= Ernest Ikoli =

Nigerian politician

Ernest Sissei Ikoli (1893–1960) was a Nigerian politician, nationalist and pioneering journalist. He was the first editor of the Daily Times, the president of the Nigerian Youth Movement, and in 1942, represented Lagos in the Legislative Council.

==Early life and career==
Ikoli was born in Nembe in present-day Bayelsa State and educated at Bonny Government School, Rivers State and King's College, Lagos. After completing his studies at King's College, he became a tutor at the school - a post which he left to pursue a career in journalism. For a period he worked at the Lagos Weekly Record, a paper that has since disappeared.
He was the first editor of the Daily Times of Nigeria, which was launched in June 1926 with Adeyemo Alakija as chairman of the board.
He later became publisher of the now defunct African Messenger. In the 1930s he was one of the founders of the Nigerian Youth Movement and was once the movement's president. During this period, the movement was engaged in an intense power struggle with Herbert Macaulay's NNDP. His tenure in the print media business had a vast impact on Nigeria's road to independence from colonial rule. The media was one of the best ways that Nigerian nationalists could communicate with their colonial rulers at the time.

==Nigerian Youth Movement==
He started the Nigerian Youth Movement with other prominent Nigerians like Hezekiah Oladipo Davies, James Churchill Vaughan and Oba Samuel Akisanya (aka General Saki).
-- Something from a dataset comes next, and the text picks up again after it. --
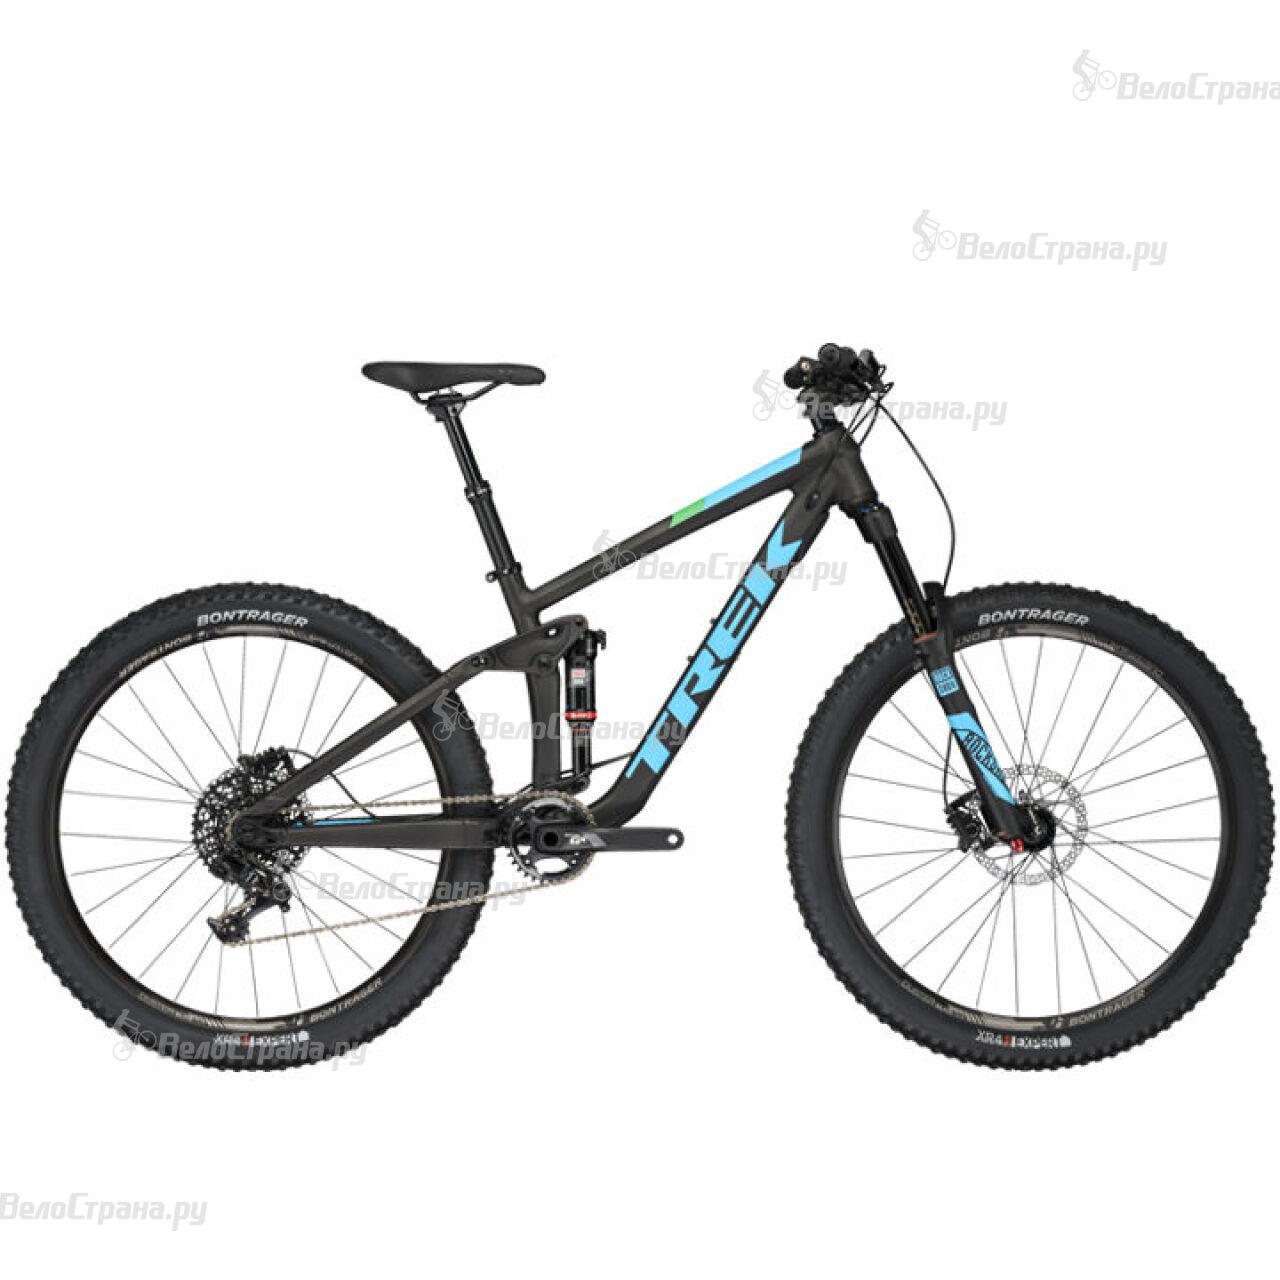 Велосипед Trek Remedy 8 27.5 WSD (2017) велосипед trek shift 3 wsd 2013
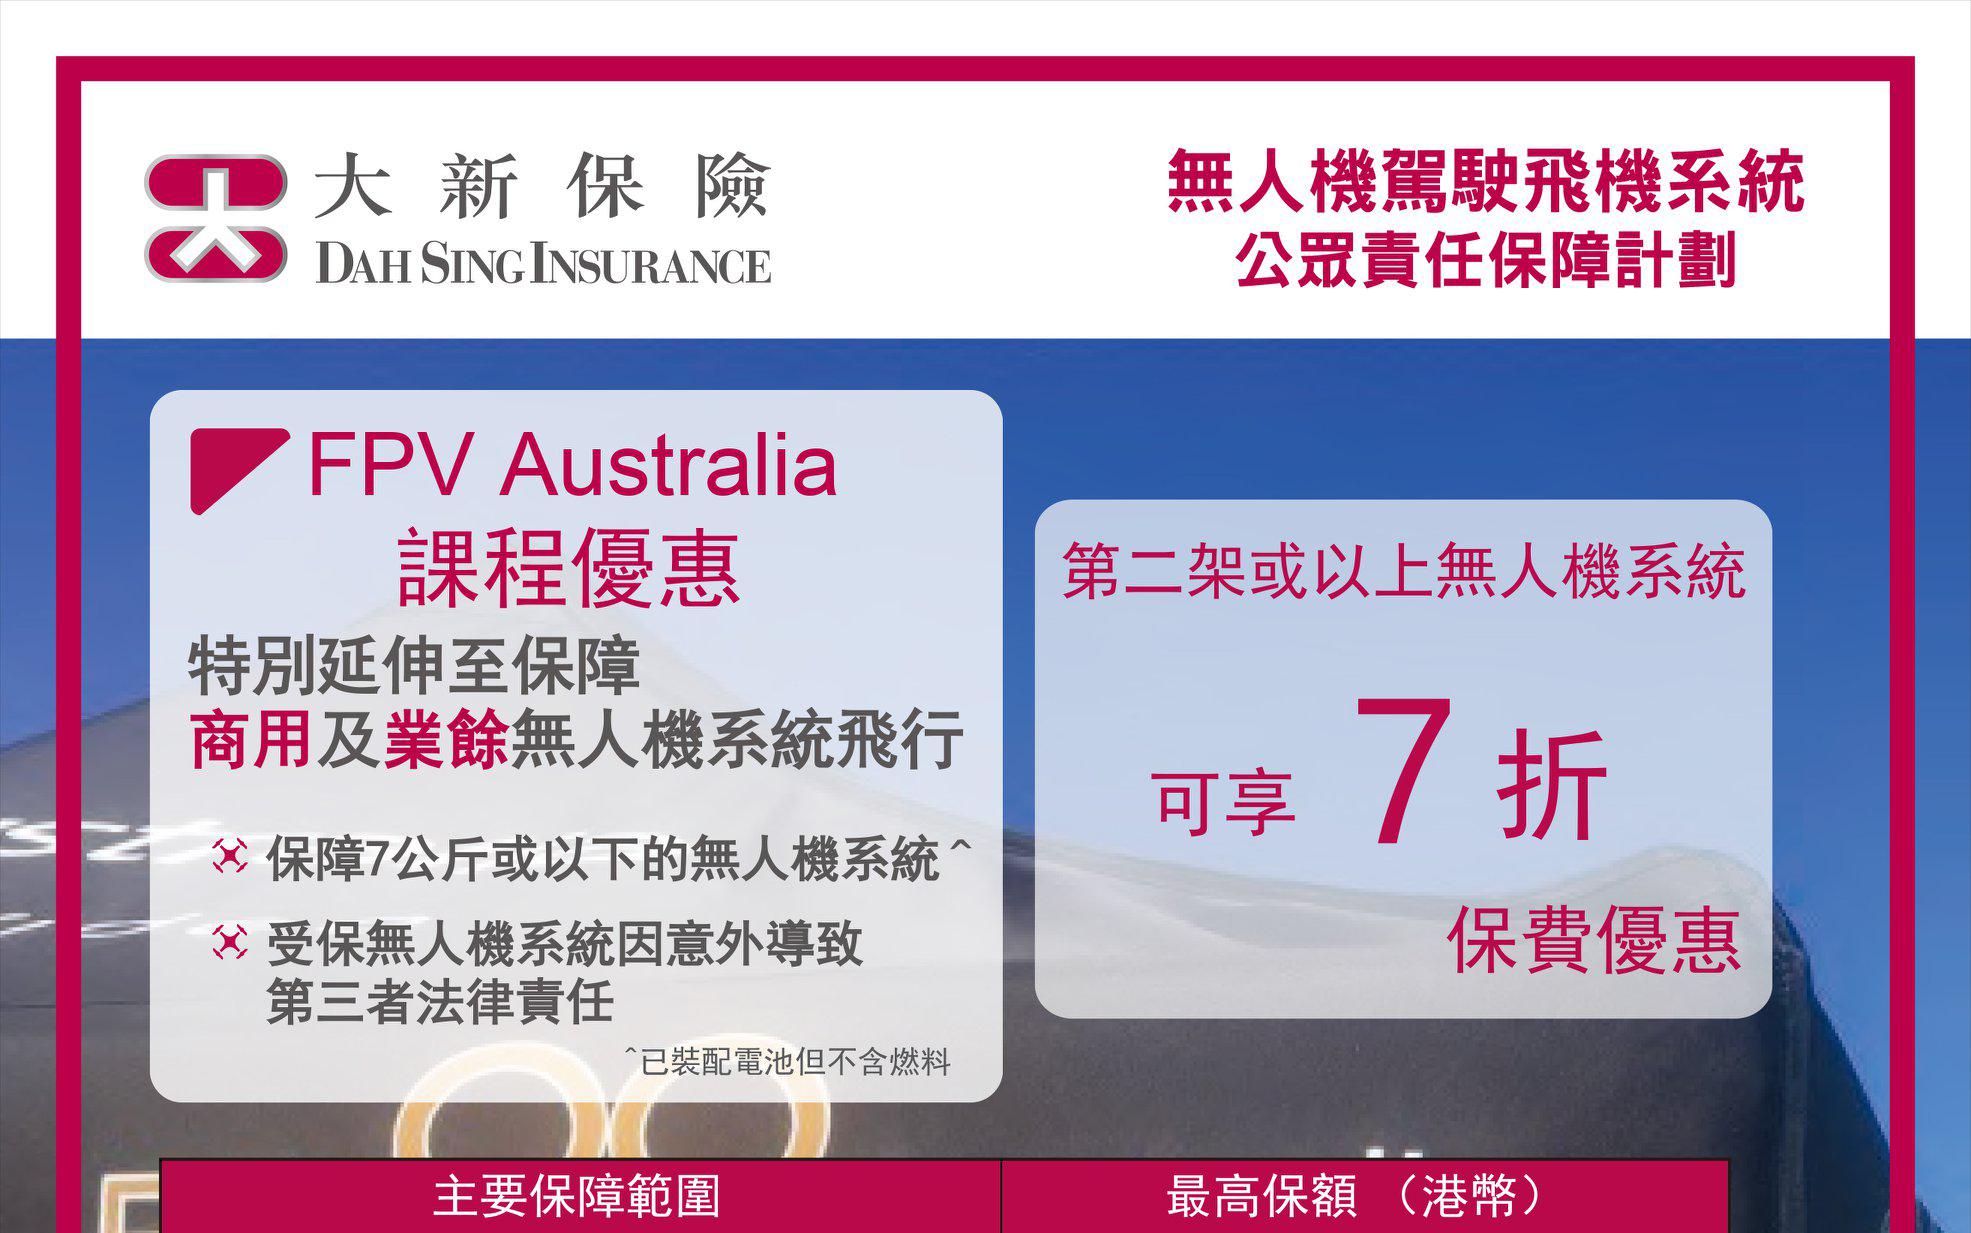 【OTG 無人機證書課程第三保險 --- DJI Academy 和 FPV Australia】

The movement originally started as the Lagos youth movement, it was partly formed to voice concerns about the lackluster colonial higher education policy. The movement was largely Lagos based but as varied members entered the organization, it metamorphosed to become the Nigerian Youth Movement; a political action group with a nationalistic flavor and outlook. Nnamdi Azikiwe, joined the group in 1936.

In 1941 Kofo Abayomi, a Lagos leader of the movement, resigned his position at the Legislative Council, forcing a by-election. A primary election was held among NYM members to select a candidate to contest the seat, in which Samuel Akisanya collated the most votes, with Ikoli in second place. However, with the support of H.O. Davis, Obafemi Awolowo, Akintola and a few others, the party's central committee, which had the right to review the results, chose him as the movement's candidate. Although Akisanya immediately congratulated him, he later reneged and contested the seat as an independent candidate with the support of his primary backer, Nnamdi Azikiwe, although he lost to Ikoli. The loss of Akisanya in the election led to his exit from the movement, Azikiwe also left the movement, both took away most of their supporters.
The resulting feud is seen by some analysts as a contributing catalyst to the enmity that exist between the Igbo, Hausa, and Yoruba ethnic groups in the country and also as a major focal point of electoral disputes and the ominous role they played in destabilizing the country.

Although he lost his seat in another by-election in 1946, the result was overturned following a lawsuit and Ikoli regained his membership of the Legislative Council. He ran in the general elections the following year, but withdrew his candidacy shortly before the elections.

In 1951, Ikoli, along with Awolowo and their allies formed the Action Group, which was dedicated to promoting Yoruba interests in the wake of Nigerian Independence. During this time he edited The Daily Service, which voiced the party's agenda. This publication had a moderate leftist bent, which proved unpopular for Western readers, and distracted from the nationalistic message that he was trying to pursue.